Now, Excel Copilot is increasingly strong at building complex spreadsheets, so Excel is not totally limited in this way anymore. But I think what I’ve found myself craving is an agent that can do less, in the sense that it’s constrained to use only a small number of tools – ones that I understand well – and to turn around narrower results quickly, making inspection and iteration easier. In other words, I want less of an agent that goes off and thinks for 10 minutes, and more one that, while saving me from having to know API details and SQL minutiae, forces me to stay tightly in the reasoning loop with it.

So the rest of the post is about the prototype I put together toward this end.

SQL as a backend

Next, let me pitch SQL as a fairly generic backend for data analysis. Most of what I’ve seen in SQL is, conceptually, pretty basic: for filtering, joining, aggregating, and summarizing, it’s amazing at what it does. For more complex tasks, it seems under-utilized; the folks I know who think about speeding up statistical analysis have focused on GPUs (e.g., torch/jax), which is great if you’re lucky enough to have GPUs with little else to do. For the rest of us, I think a more reliable path is to plan on pushing computation into databases or other forms of shared (CPU) compute.

The duckreg and dbreg packages, which I post about a lot, show hints of how much more we can get out of SQL now with AI assistance. A lot of statistical estimation boils down to things SQL does really well: sums and averages. These regression packages use specialized tricks like Mundlak and Wong et al, but many of the difficulties moving complex methods into SQL are just the operational headaches of stitching together long, complex queries programmatically. Thankfully, these are made quite easy by LLMs (which are excellent at SQL). Some examples of things I was able to make well-tested prototypes pretty quickly:

mlogit-style estimation of discrete choice models
Frontier difference-in-differences methods
Propensity score-based estimators (e.g., IPW, matching)
Simple ML methods
- Trees and forests
- double-ML style partially linear regression (e.g., Python example in duckreg)

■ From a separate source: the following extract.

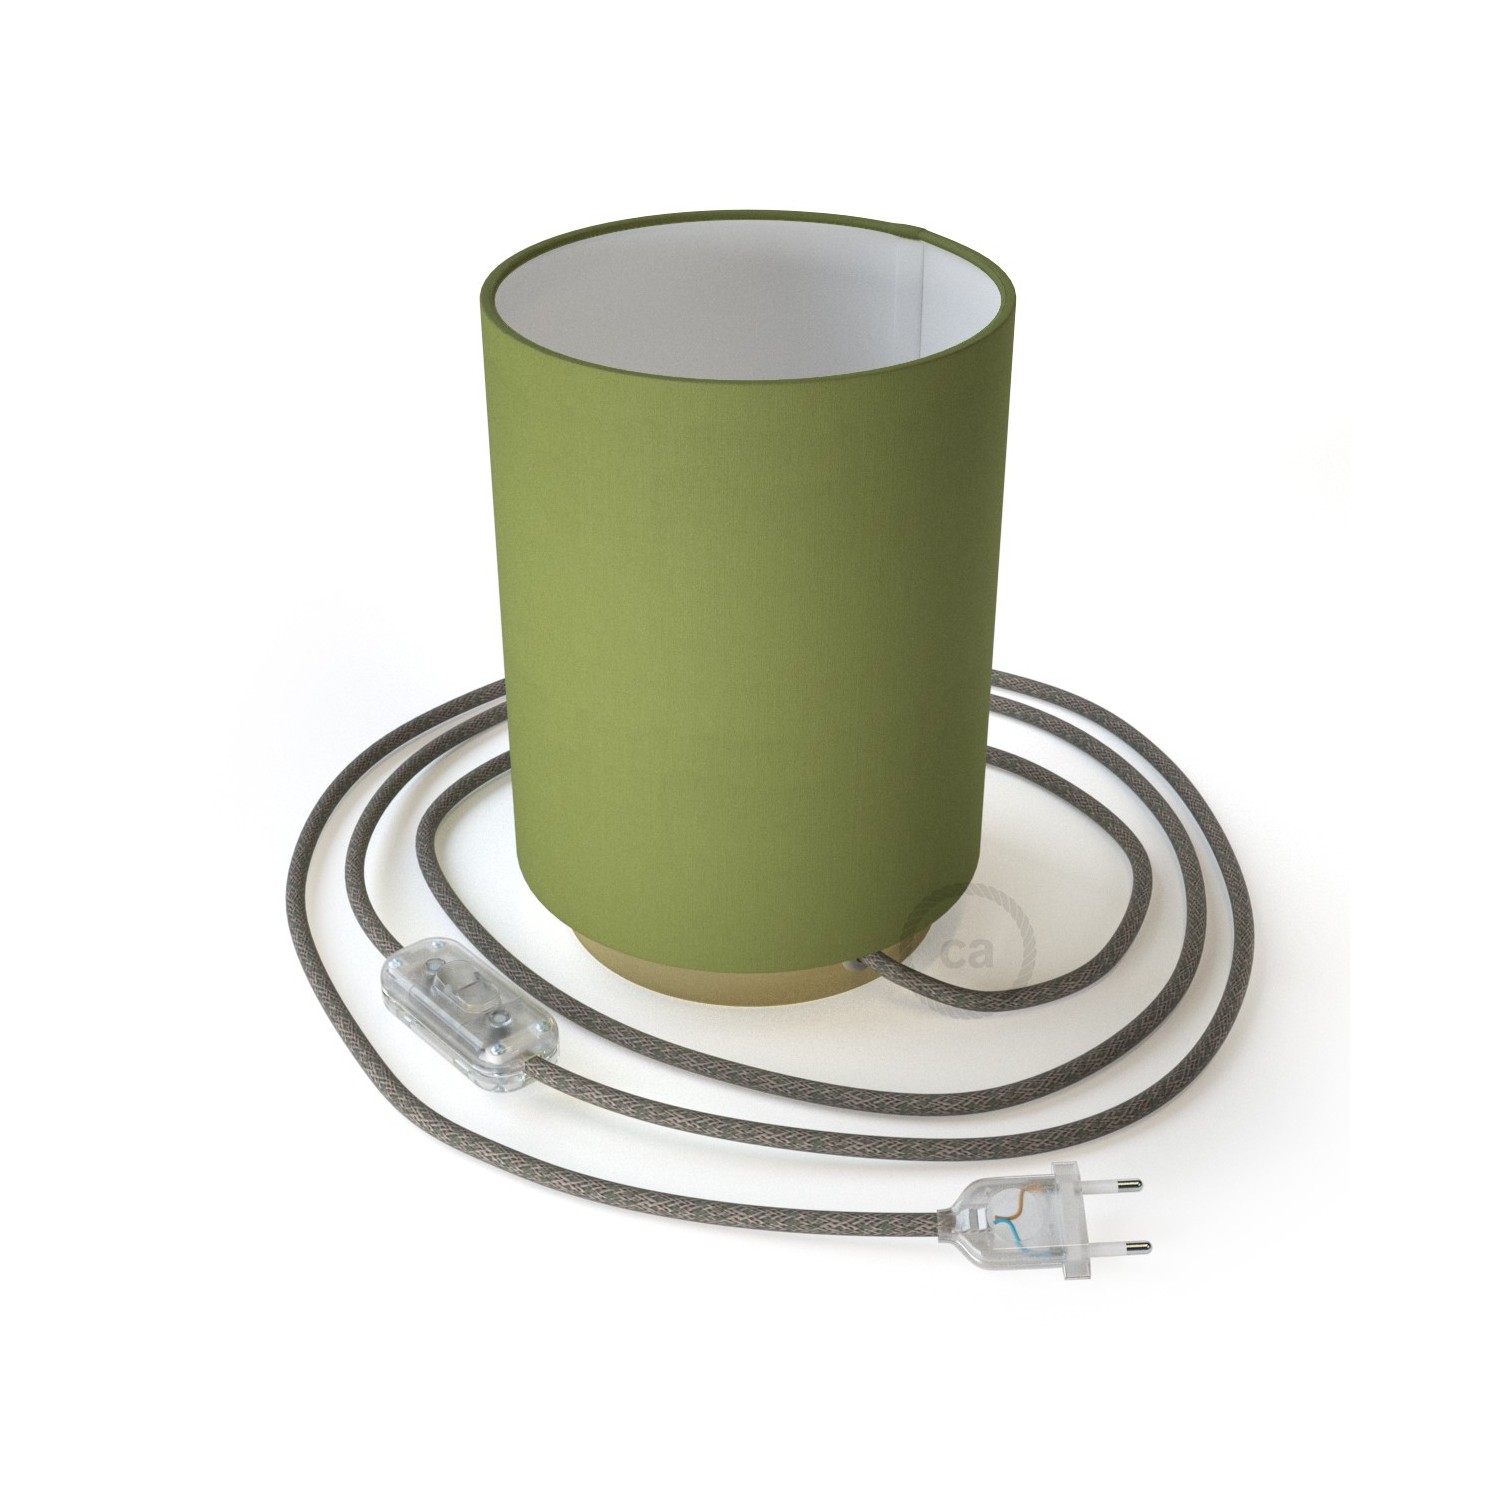 Posaluce Metal met Cilindro lampenkap van olijfgroen canvas, inclusief lichtbron, textielkabel, schakelaar en 2-polige stekker

For each method I implemented, SQL handles anything that touches an appreciable fraction of a big table and the local machine handles just an optimization loop over aggregations. This set of tools, if fleshed out, would be plenty to handle a lot of common DS/analytics workflows, but there are also a ton more options that SQL can handle. ¹

Benchmark examples: SQL can be fast!

Here are a bunch of timing comparisons between in-memory and SQL-based estimation. The details vary by data, model, and estimator, but the pattern is fairly consistent: once the data is large enough, pushing work to SQL starts to look very attractive. We pretty much always beat the time for keeping large data in memory (on my MacBook Pro) below.

dbbinsreg

I’ve already shown this in a different blog, but for big datasets I love the functionality of dbbinsreg, a function in dbreg. I mentioned above that I want to make seeing and visualizing (large) data easier, and dbbinsreg is a key step toward that.

Propensity score matching

For propensity scores, I simulated treatment assignment with logit propensity in three variables. GLMs in continuous variables are expensive in SQL so I don’t quite beat in-memory IPW, but not far behind and a nearest-neighbor matching approach scales very nicely.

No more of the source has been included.